Relator cites National Electrical Contractors for the proposition that if an official fails to perform any of his statutory duties, this has the effect of "nullifying" the legal remedy. However, in actuality, that case only stands for the proposition if a party is not allowed to raise a particular type of issue in a statutory appeal, the appeal cannot be considered an adequate legal remedy in regard to that issue. Thus, because the issue of respondent's refusal to reinstate relator can be raised in an appeal under R.C. 124.34 and 124.03(A), the holding inNational Electrical Contractors has no application to the facts of the instant case.

Third, we would emphasize that the Supreme Court of Ohio has expressly held that an appeal to the SPBR generally is an adequate remedy at law which will preclude the issuance of a writ of mandamus. State ex rel. Gillivan v. Bd. of Tax Appeals (1994),70 Ohio St.3d 196, 200. Similarly, in considering actions in which a classified civil servant has sought reinstatement, the court has held that a mandamus action cannot be brought before a decision has been rendered by the SPBR because such an action cannot be employed as a substitute for the civil service appeal. See Stateex rel. Weiss v. Indus. Comm. (1992), 65 Ohio St.3d 470. In light of this precedent, it follows that an appeal of a refusal to reinstate under R.C. 124.34 and 124.03(A) constitutes an adequate legal remedy.

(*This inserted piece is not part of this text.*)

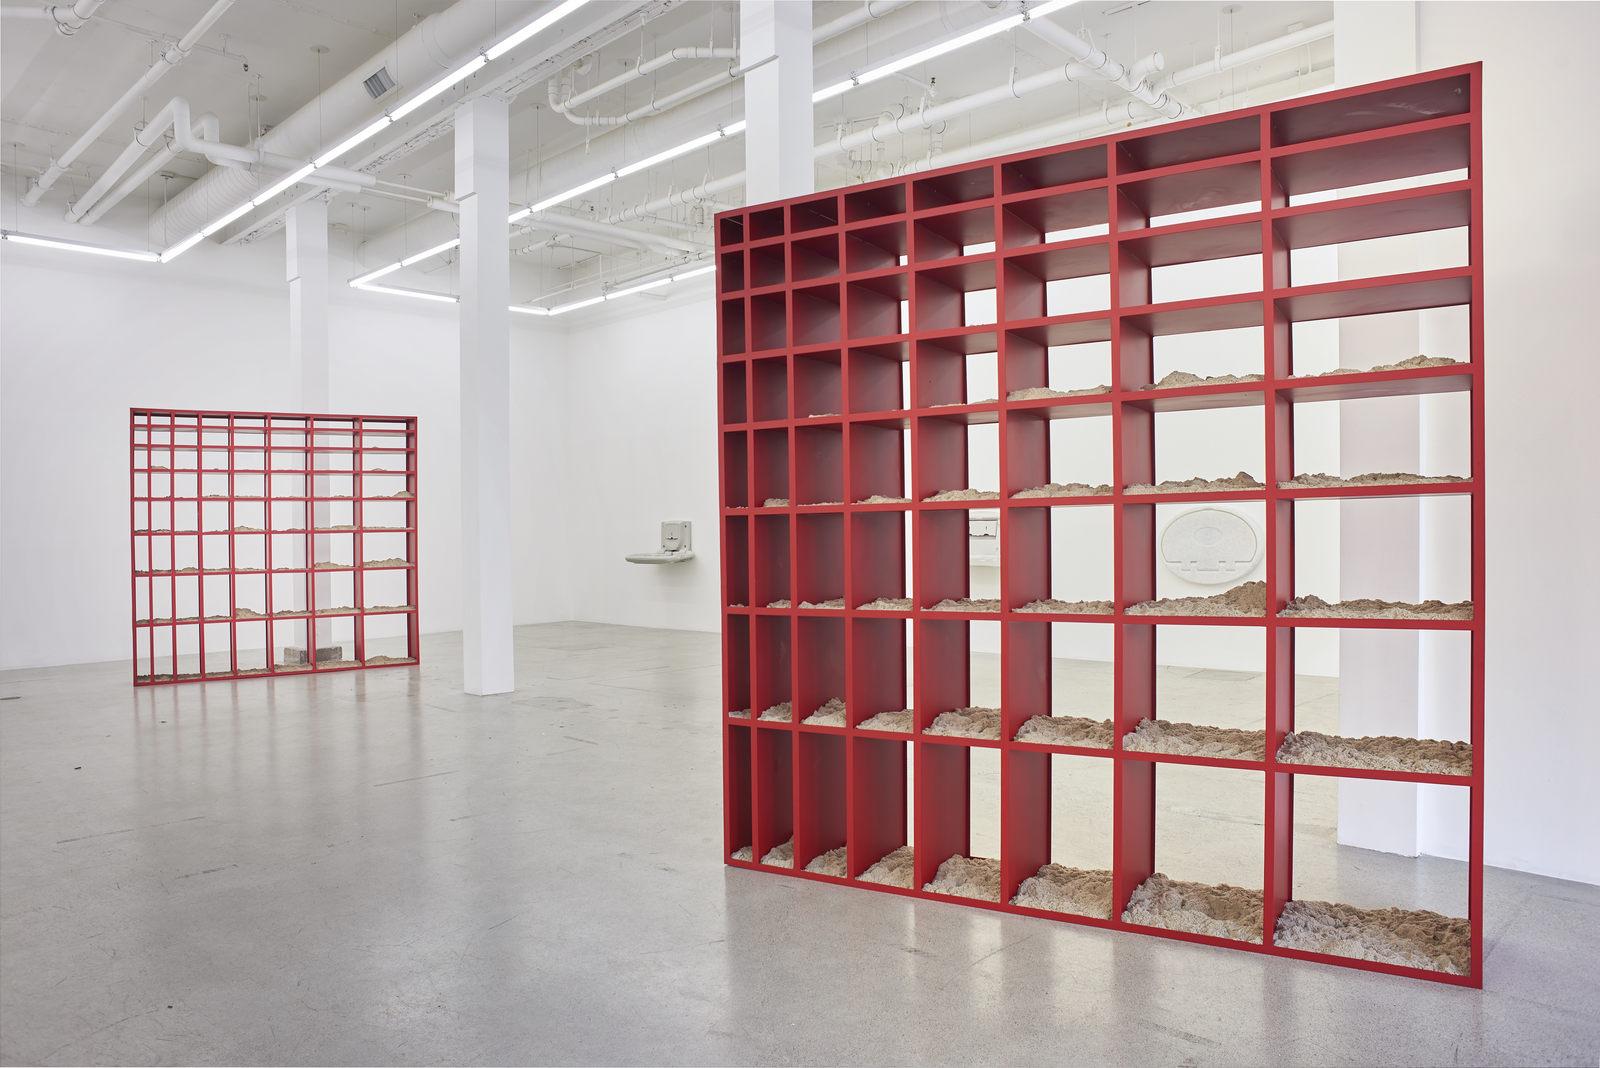 Wermers_Grundstück, 2017_Jessica Silverman Gallery_installation view_021

Under Civ.R. 56(C), the moving party in a summary judgment exercise is entitled to prevail if he can satisfy each prong of the following test: (1) no genuine issue as to any material fact remains to be tried; (2) the moving party is entitled to judgment as a matter of law; and (3) the evidential materials are such that a reasonable man could only reach a conclusion adverse to the nonmoving party. Leibreich v. A.J. Refrigeration, Inc. (1993),67 Ohio St.3d 266, 268. Under this test, the plaintiff/relator in an action can be granted summary judgment as to an entire claim only when he can meet each of the three prongs as to each element of the claim. In contrast, the defendant/respondent can prevail on an entire claim if he can satisfy each prong of the test as to one element of the claim.

To ultimately succeed on his mandamus claim in the instant action, relator would be required to establish, inter alia, that he did not have an adequate legal remedy in the ordinary course of the law. State ex rel. Manson v. Morris (1993), 66 Ohio St.3d 440,441. Pursuant to the foregoing analysis, this court holds that respondent has satisfied each of the three prongs of the summary judgment test as to this particular element of relator's claim. That is, we conclude that respondent has shown that, in relation to the issue of whether relator had an adequate legal remedy, there is no factual dispute and respondent is entitled to the entry of judgment as a matter of law. As a result, not only does relator's motion for summary judgment lack merit, but respondent is entitled to prevail on the entire mandamus claim.

Therefore, respondent's motion for summary judgment is granted. It is the order of this court that judgment is hereby granted in favor of respondent on relator's entire mandamus claim.

__________________________________ PRESIDING JUDGE DONALD R. FORD

__________________________________ JUDGE ROBERT A. NADER

__________________________________ JUDGE WILLIAM M. O'NEILL

1 As an aside, we would note that the parties have not submitted any evidential materials indicating whether respondent has ever filed a written decision on this matter with the SPBR. However, even if such a decision has not been filed, this would not stop relator from appealing. R.C. 124.03(A) specifically provides that the appointing authority's failure to file a written decision does not affect the jurisdiction of the SPBR to proceed with the appeal. See, also, State ex rel. Shine v. Garofalo (1982), 69 Ohio St.2d 253, 256.